He doesn't mention actual C++ exceptions at all really, but then I wouldn't expect him to as the article is a C/C++ article and even if he's using C++, exceptions are not always available on embedded devices. The key point, for me, is that he compares his style of programmig using design by contract and assert to the style where all error values are passed back to the caller. Replacing his 'assert and reboot' style with a throw and don’t catch style doesn't change a great deal.

Still, if all of the stuff that I wrote about my views on this haven't convinced you by now then they're probably not going to. But just to ram the point home ;) I'm actually advocating MORE checking for things that can't happen rather than less and I'm suggesting that these checks are first class code and should be viewed as such...

Anyway, enough already...

Posted by Len Holgate at October 13, 2005 02:03 AM

Len

I'm really glad that we could actually have a friendly discussion regarding the use of asserts.

Based on your previous post after reading Miro Samek's article, errors such as those encountered from database transactions, etc don't fall under the same category as that of the first class errors.

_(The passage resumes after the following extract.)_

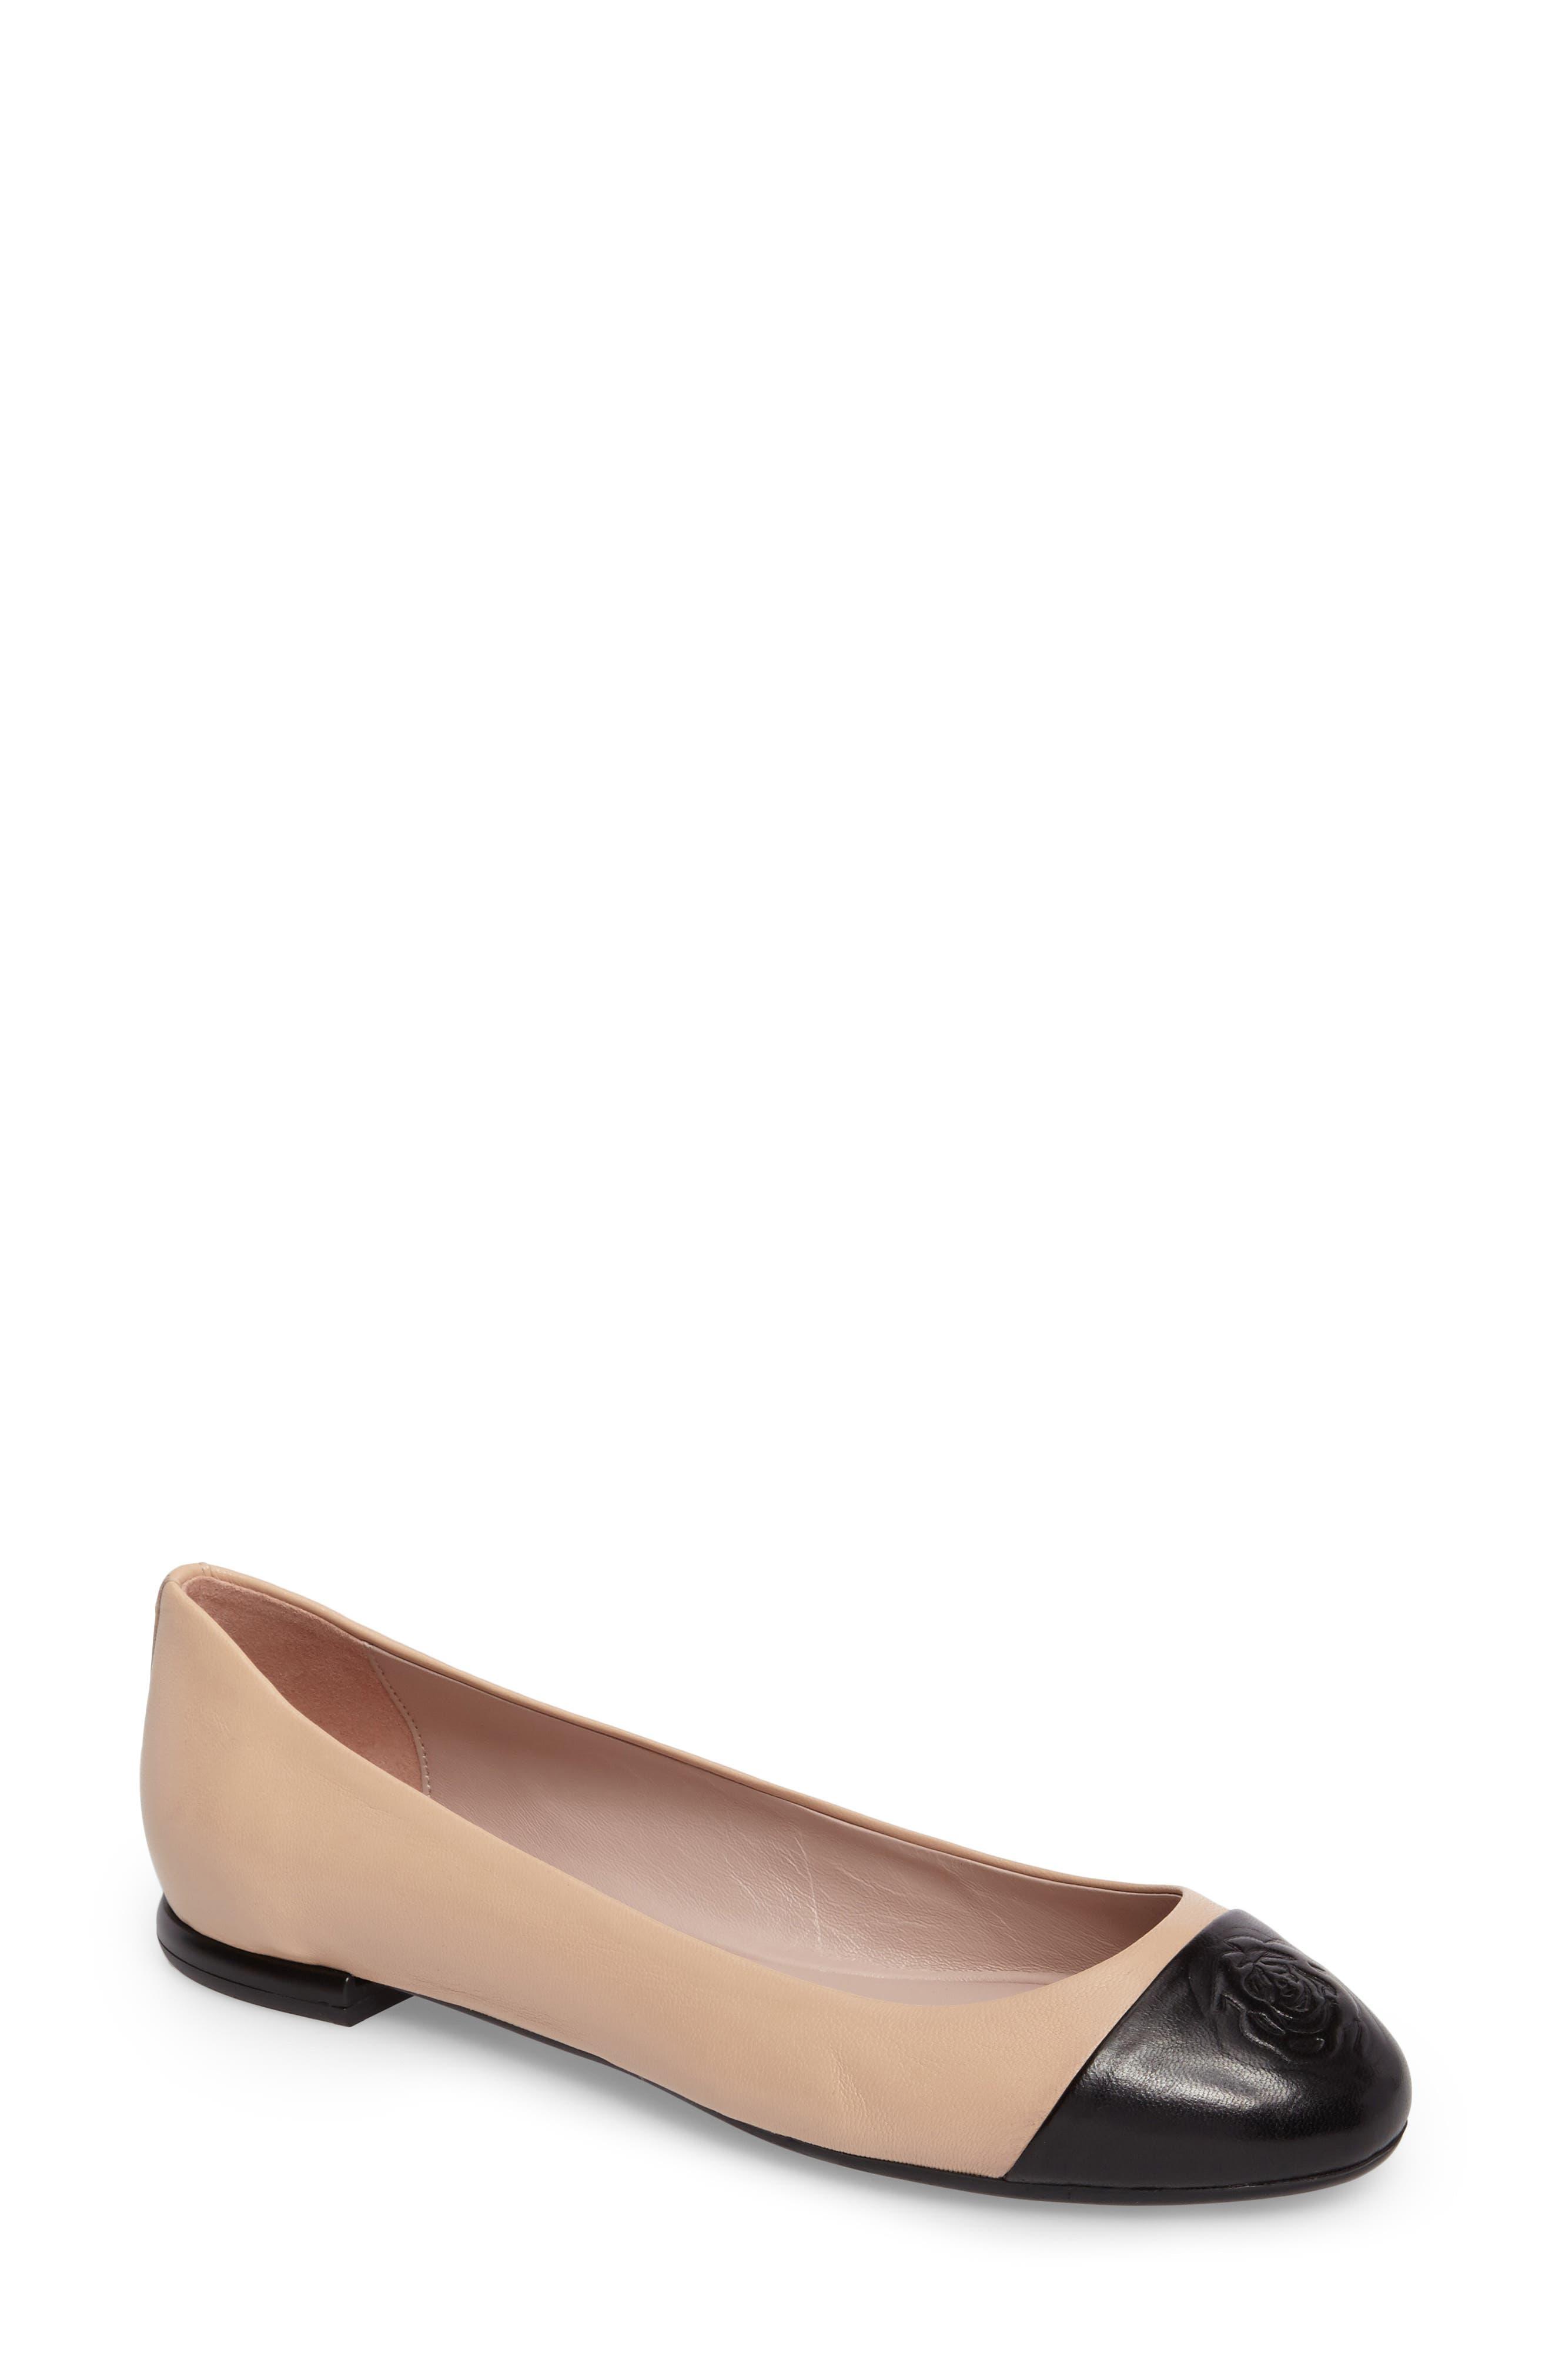 Rosa Ballet Flat,                         Main,                         color, Beige/ Black Leather

Infact, they are no different from that of, user data entry validation, file reading, etc. The point was if whatever was invalid or might cause a problem came from an external source such as that of files, information for textboxes (data entry through forms, etc ) then they should be handled by manual means (error handling code). External source equals dangerous, internal = safe which is why we assert because internal pretty much means programmer code which should be fixed immediately by the programmer (thus the contract).

By doing so, we really optimize our applications because error handling is placed where it should be (information from dangerous sources) at the forefront while not requiring unnecessary error handling code behind which basically just serves as overhead in release builds.

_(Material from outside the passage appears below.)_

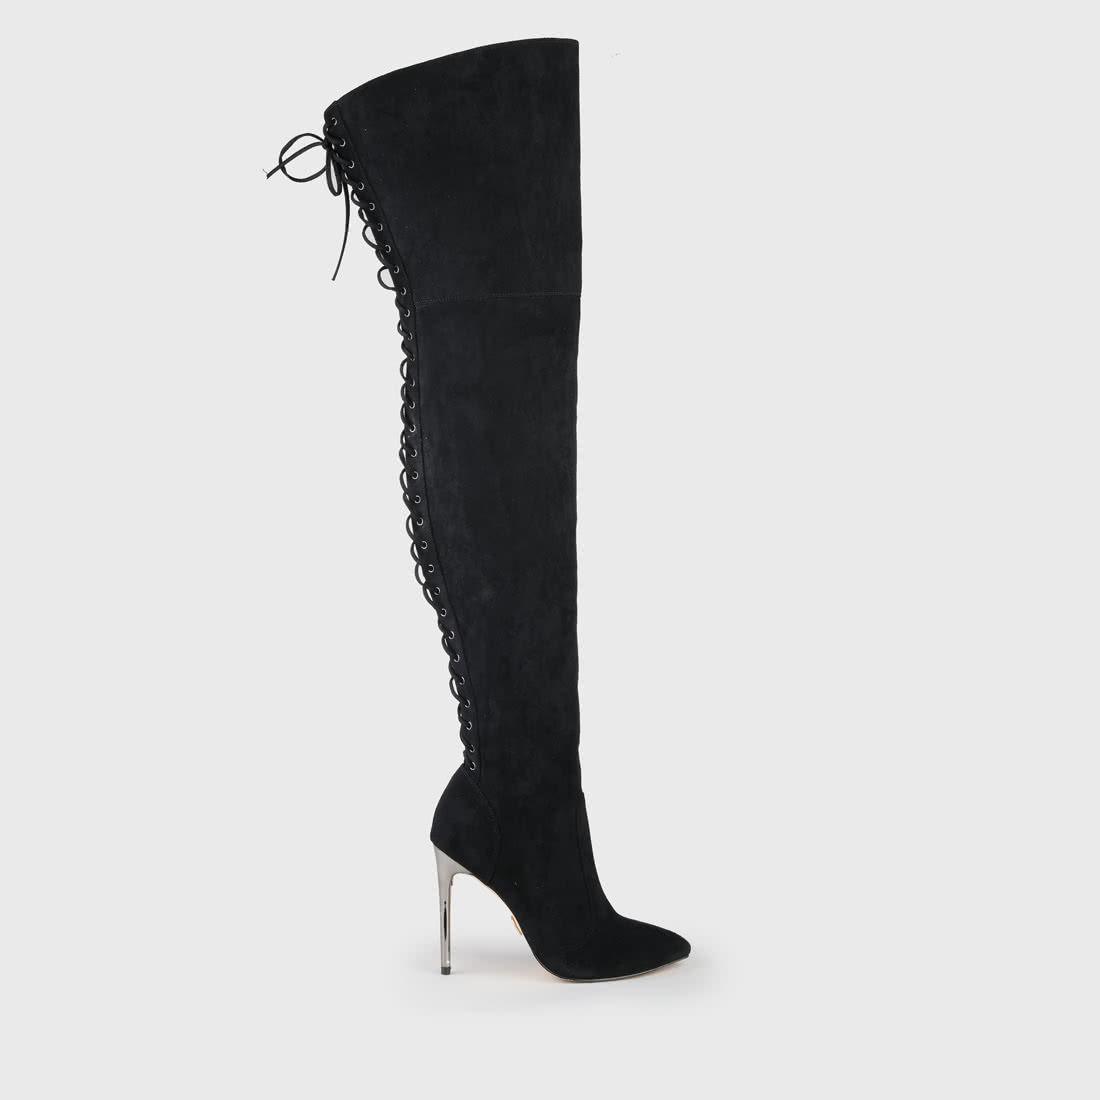 Fiete Overknee Boots Suede Look Black buy online in BUFFALO
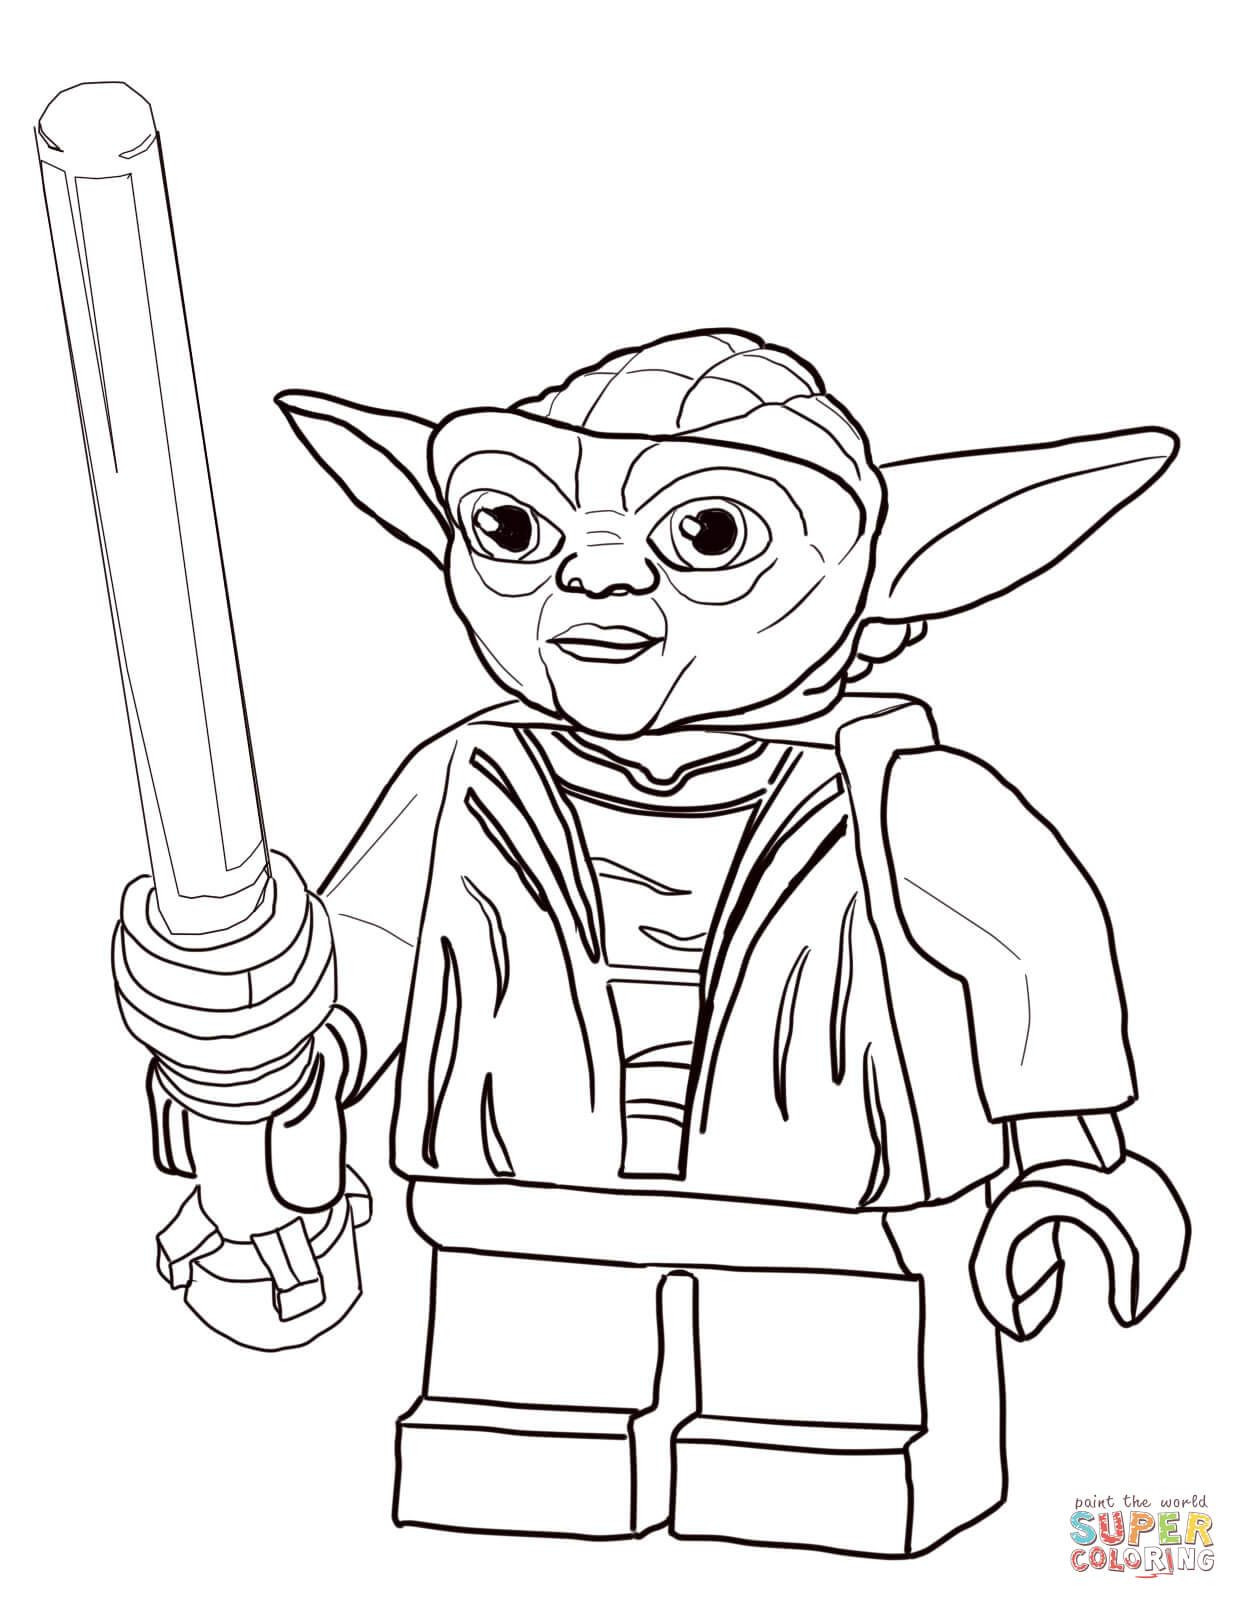 Star Wars Christmas Coloring Pages  Lego Star Wars Master Yoda Super Coloring

Just to summarise a little. Error handling code is a must. Only thing is it should be placed where it should be at the very specific locations where the errors occur and not further down because if its already been handled, it shouldn't have to be handled further down. If it would be, it has to be a programmer's error. Thats why we use the asserts as contracts basically against programmer and not against external sources.

What's your take on that?

Posted by Terence Ou at October 20, 2005 01:36 AM

Terrance

I guess my issue is the distinction between external and internal and how you define the difference and how that difference is affected by changes to the overal structure of the code.

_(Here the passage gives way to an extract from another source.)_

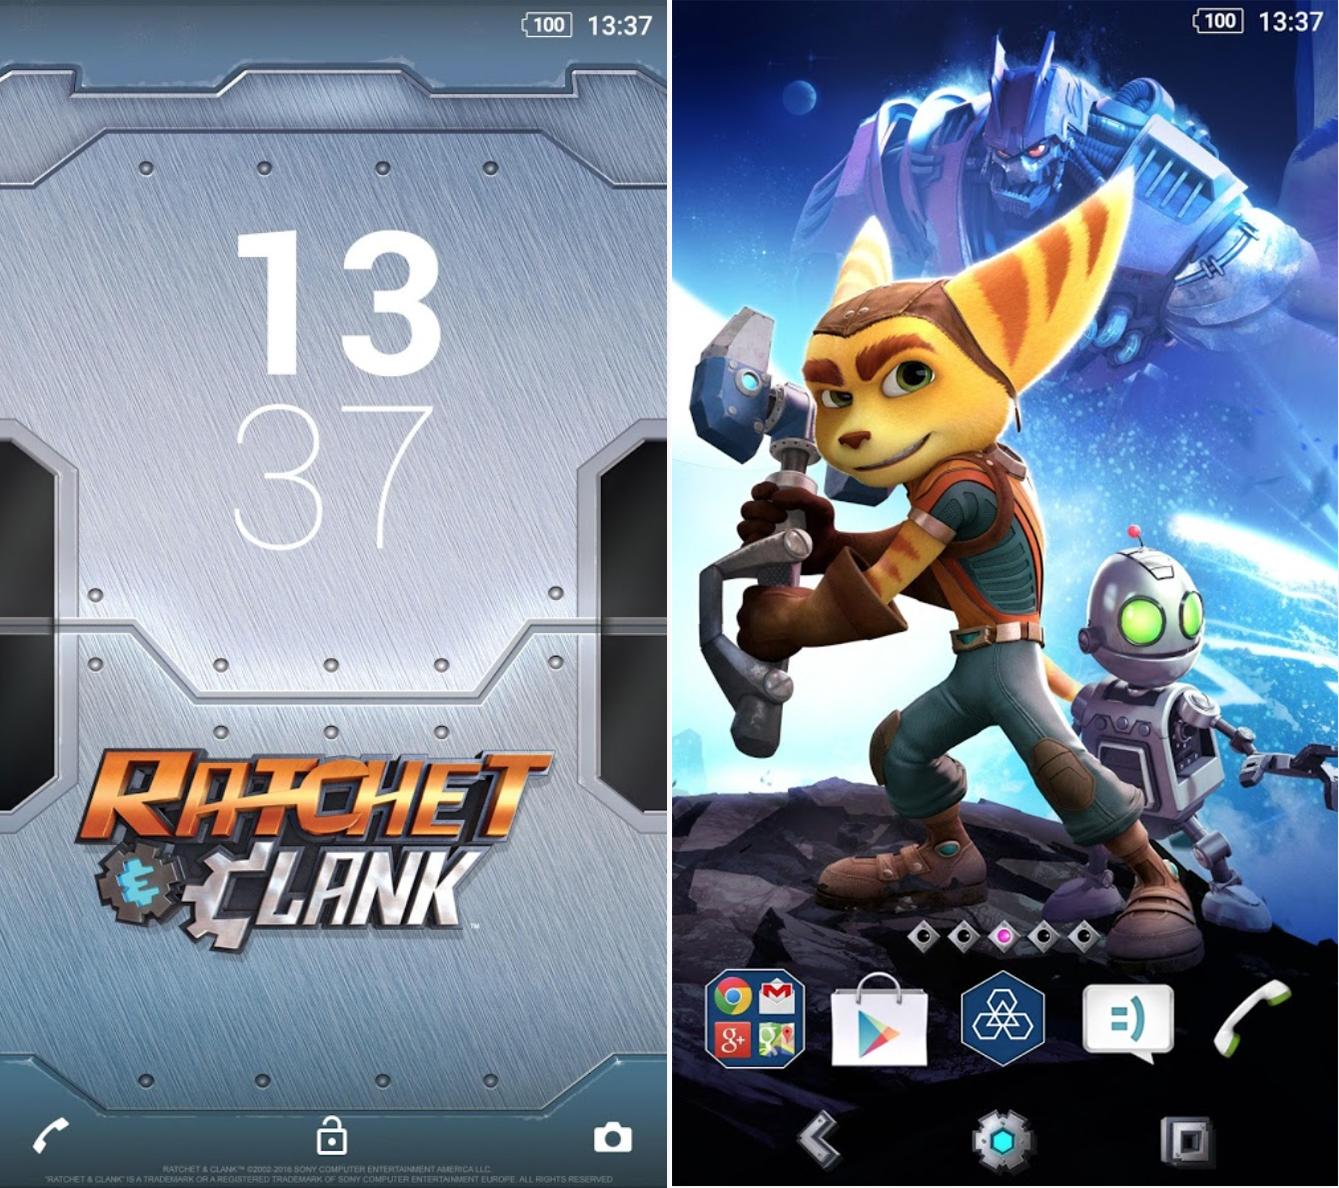 Xperia Ratchet & Clank Theme

I may be wrong but you appear to be saying that you should have different error handling policies for internal code and external code. I disagree with this as it means that the error handling policy would need to be changed as the internal/external code boundary moves.

Let’s take a set of libraries that are maintained by a single group of developers as an example. 3 libraries: A, B and C. Initially only A has an API that faces the users of the library (other developers) and B and C are both used by A. As such some proponents of assert would suggest that any error checking done where B or C are called into from A should be done using assertions as breaking the contract is a programmer error and as the same team maintains A, B and C they should be alerted via an assert so that they can fix the bug. Likewise any calls internal to A (or B or C) that are not part of the public API could use asserts rather than other error handling as, again, it's a programmer error. I disagree with this approach because it introduces two levels of error checking, one for the public API and one for the 'internal' API. This makes the error checking fragile in the face of changes to the structure of the code. So, my suggestion has been that you should avoid two error handling policies and simply adopt the external error handling policy across the whole codebase.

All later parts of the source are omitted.